START Available data

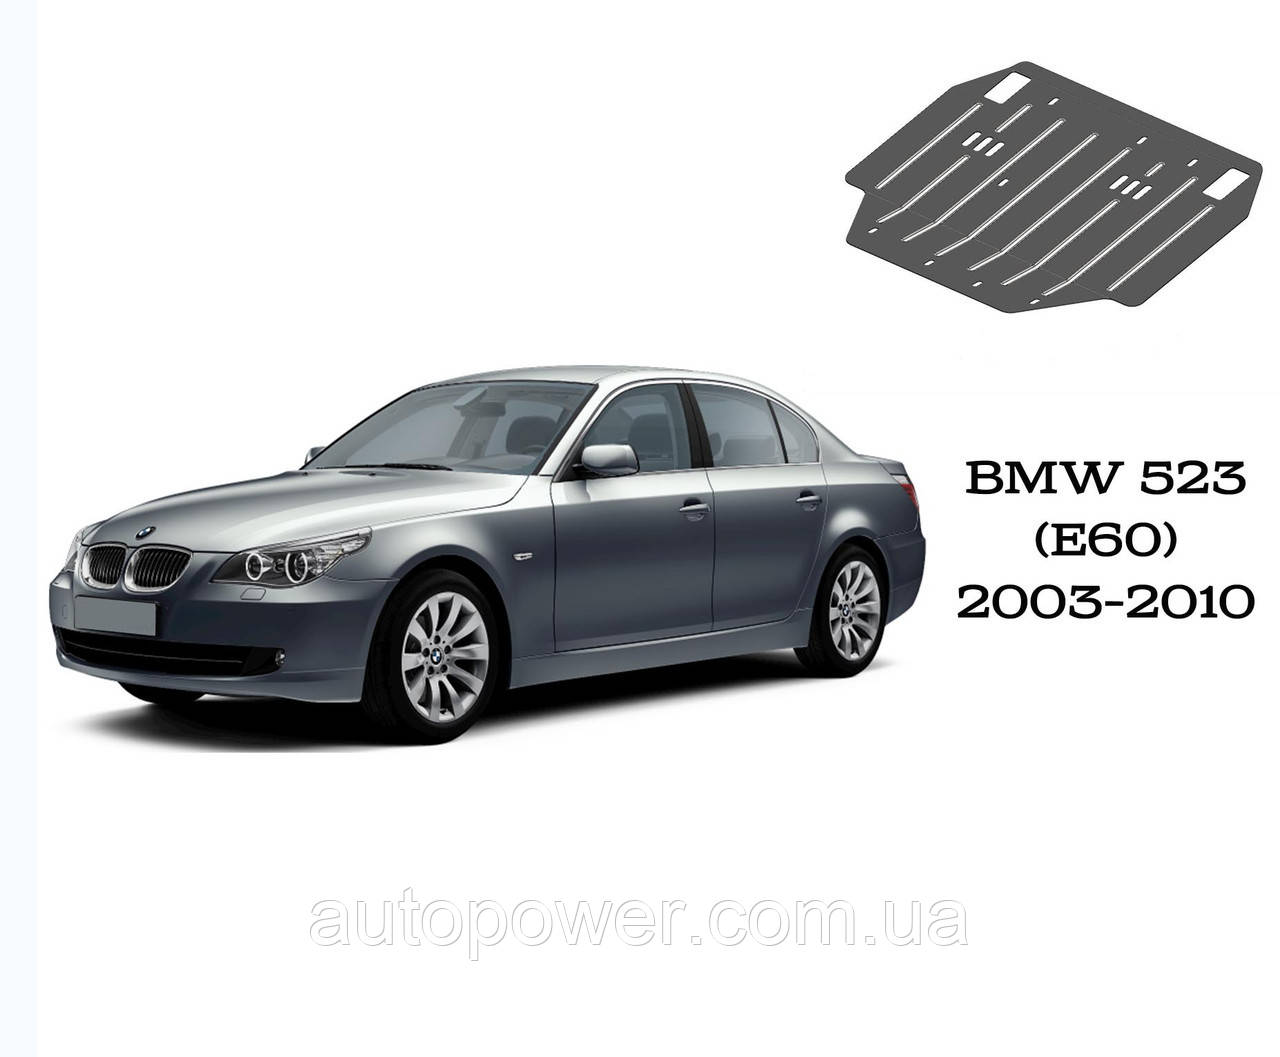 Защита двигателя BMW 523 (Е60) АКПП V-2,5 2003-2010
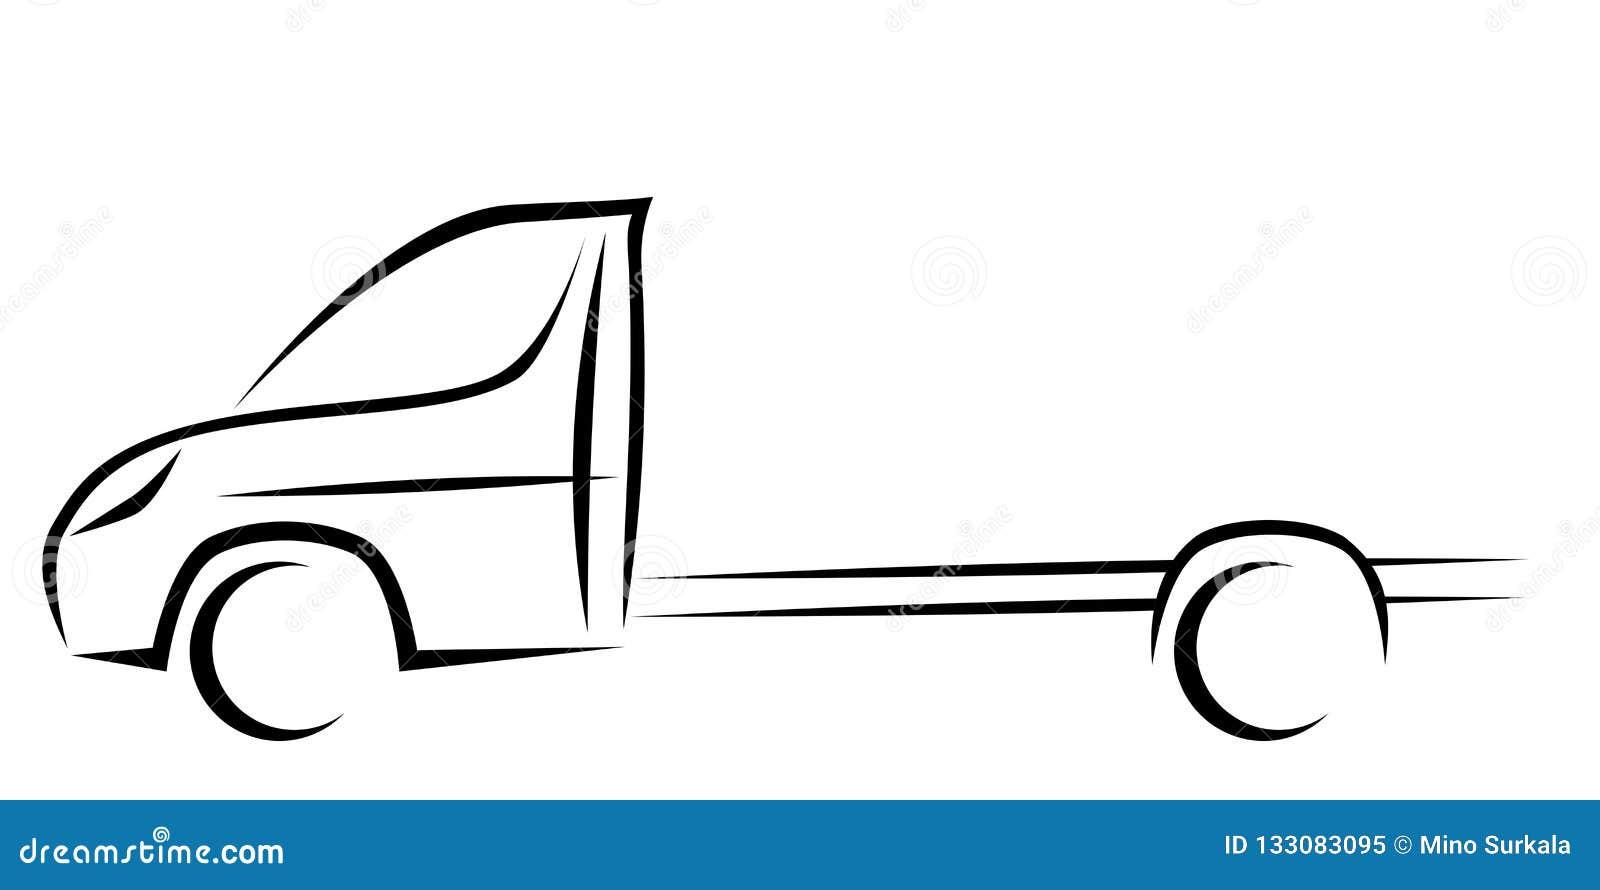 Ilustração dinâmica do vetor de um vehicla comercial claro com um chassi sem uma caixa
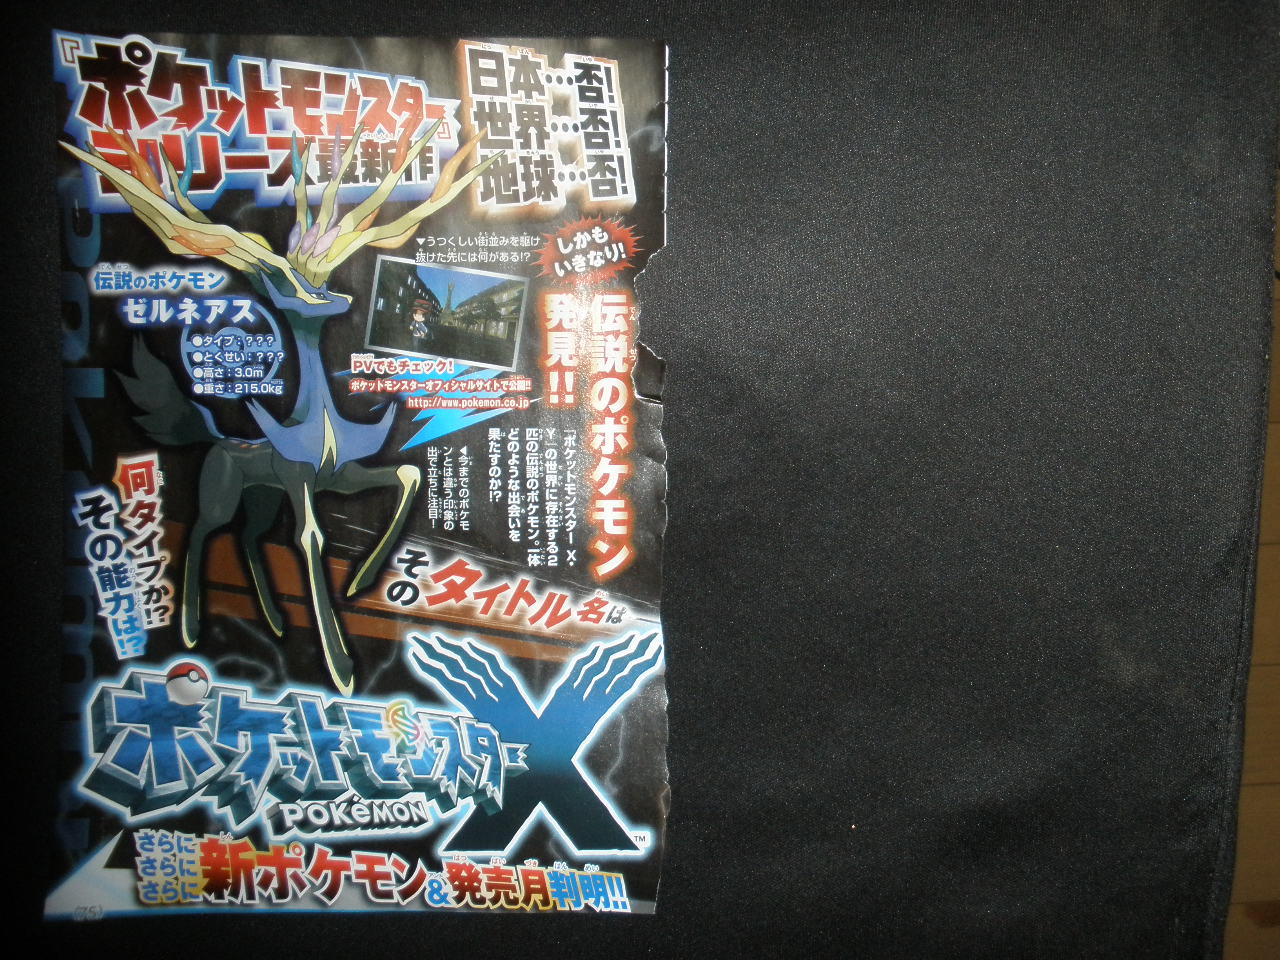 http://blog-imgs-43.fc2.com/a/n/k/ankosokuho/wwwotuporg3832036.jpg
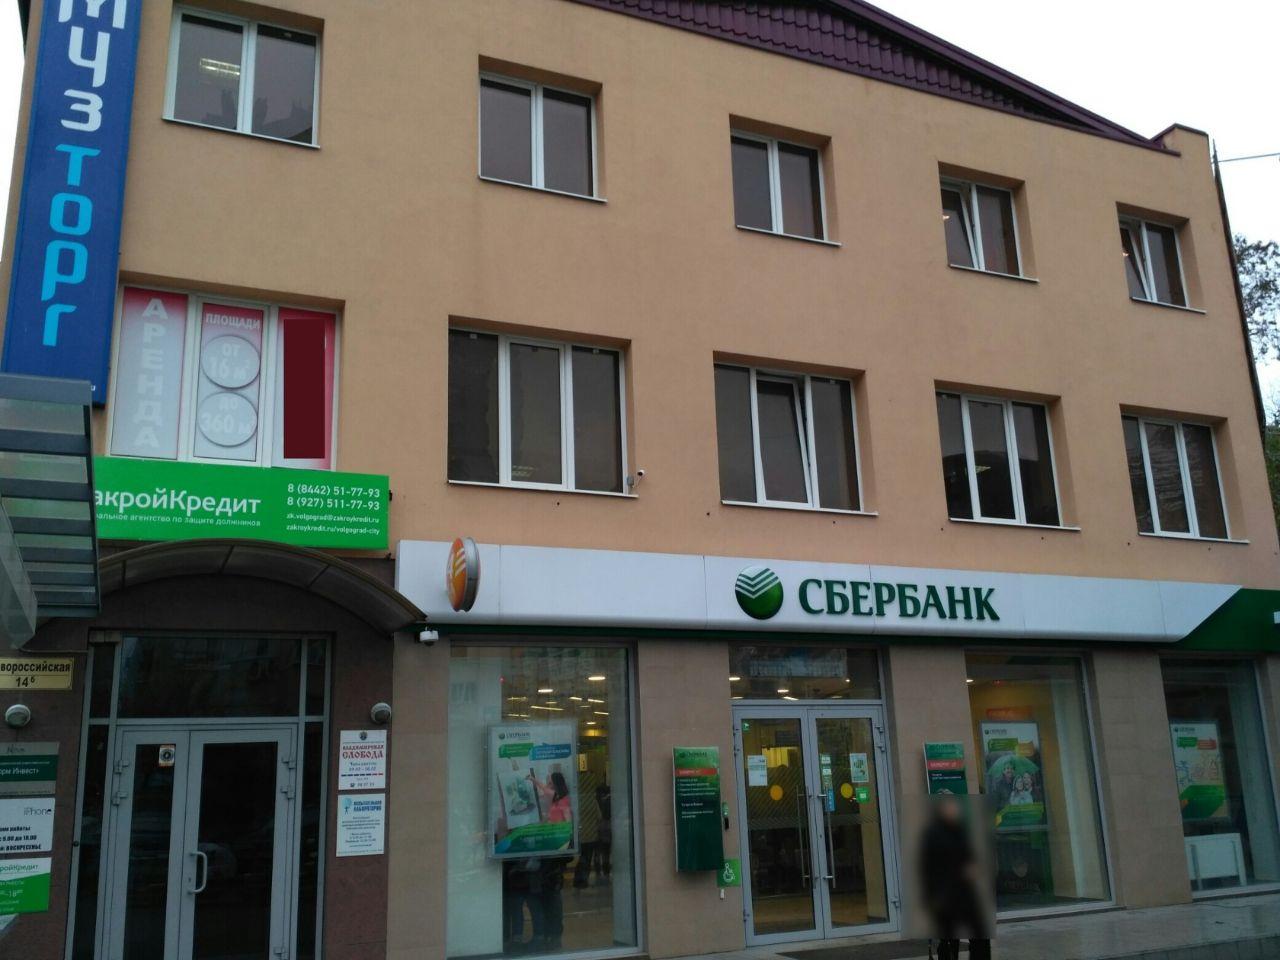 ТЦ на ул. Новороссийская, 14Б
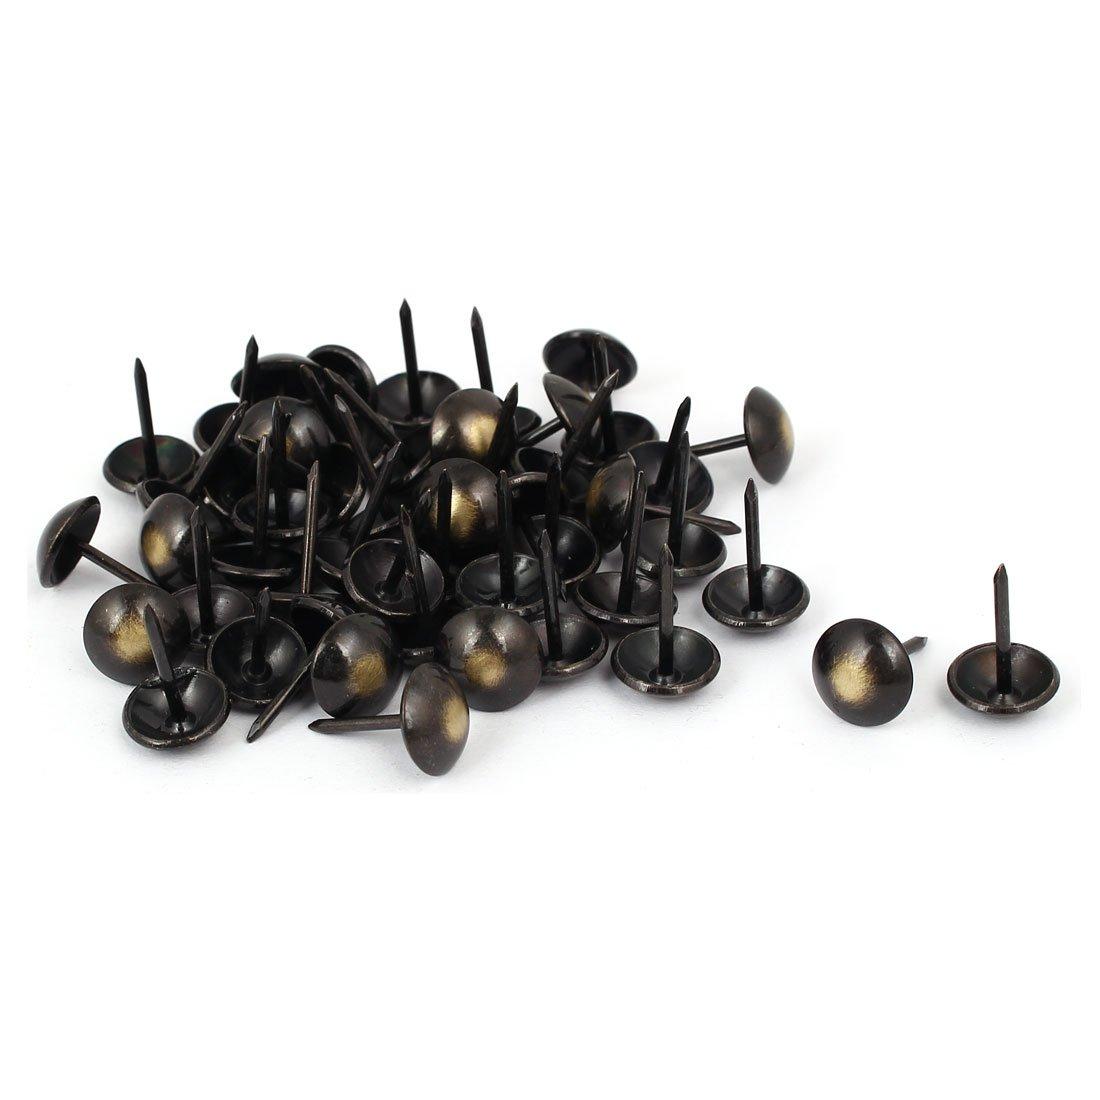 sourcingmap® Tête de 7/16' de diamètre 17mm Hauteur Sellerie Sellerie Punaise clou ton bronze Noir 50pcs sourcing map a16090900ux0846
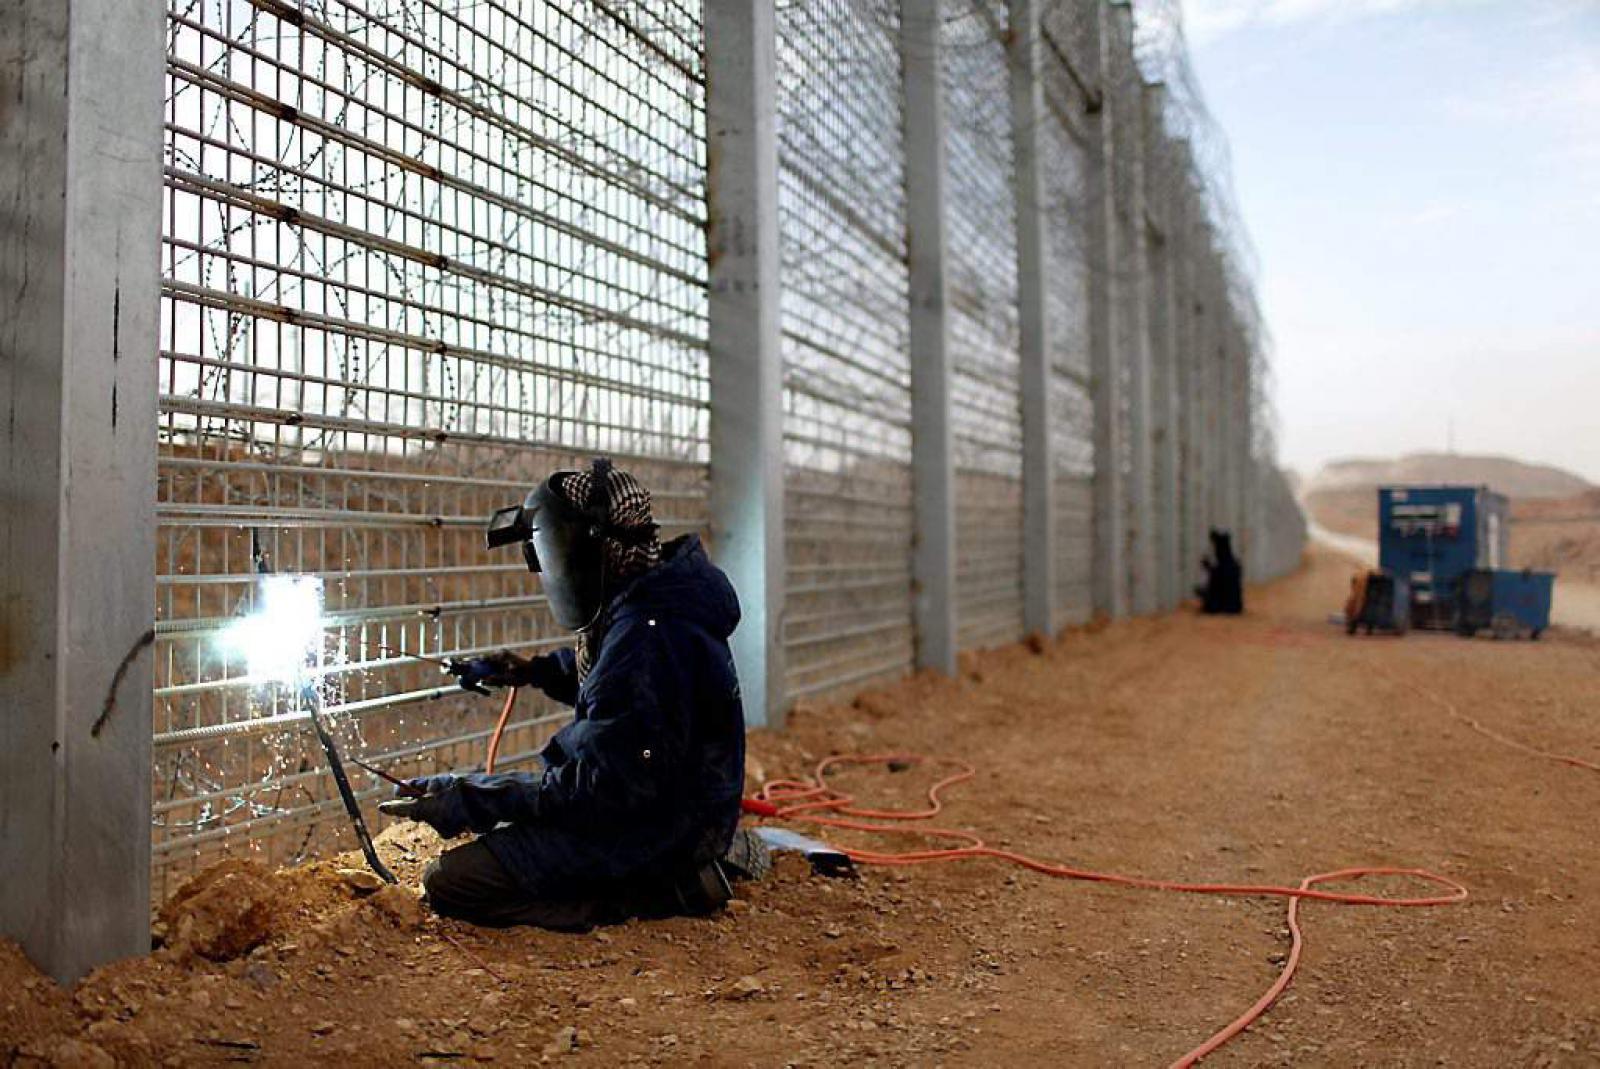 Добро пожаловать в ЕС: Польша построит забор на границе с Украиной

END Available data

— What is required —
Copy out each line of the data exactly as it reads; skip the pictures.

— Exercise solution —
 Защита двигателя BMW 523 (Е60) АКПП V-2,5 2003-2010
 Ilustração dinâmica do vetor de um vehicla comercial claro com um chassi sem uma caixa
 http://blog-imgs-43.fc2.com/a/n/k/ankosokuho/wwwotuporg3832036.jpg
 ТЦ на ул. Новороссийская, 14Б
 sourcingmap® Tête de 7/16' de diamètre 17mm Hauteur Sellerie Sellerie Punaise clou ton bronze Noir 50pcs sourcing map a16090900ux0846
 Добро пожаловать в ЕС: Польша построит забор на границе с Украиной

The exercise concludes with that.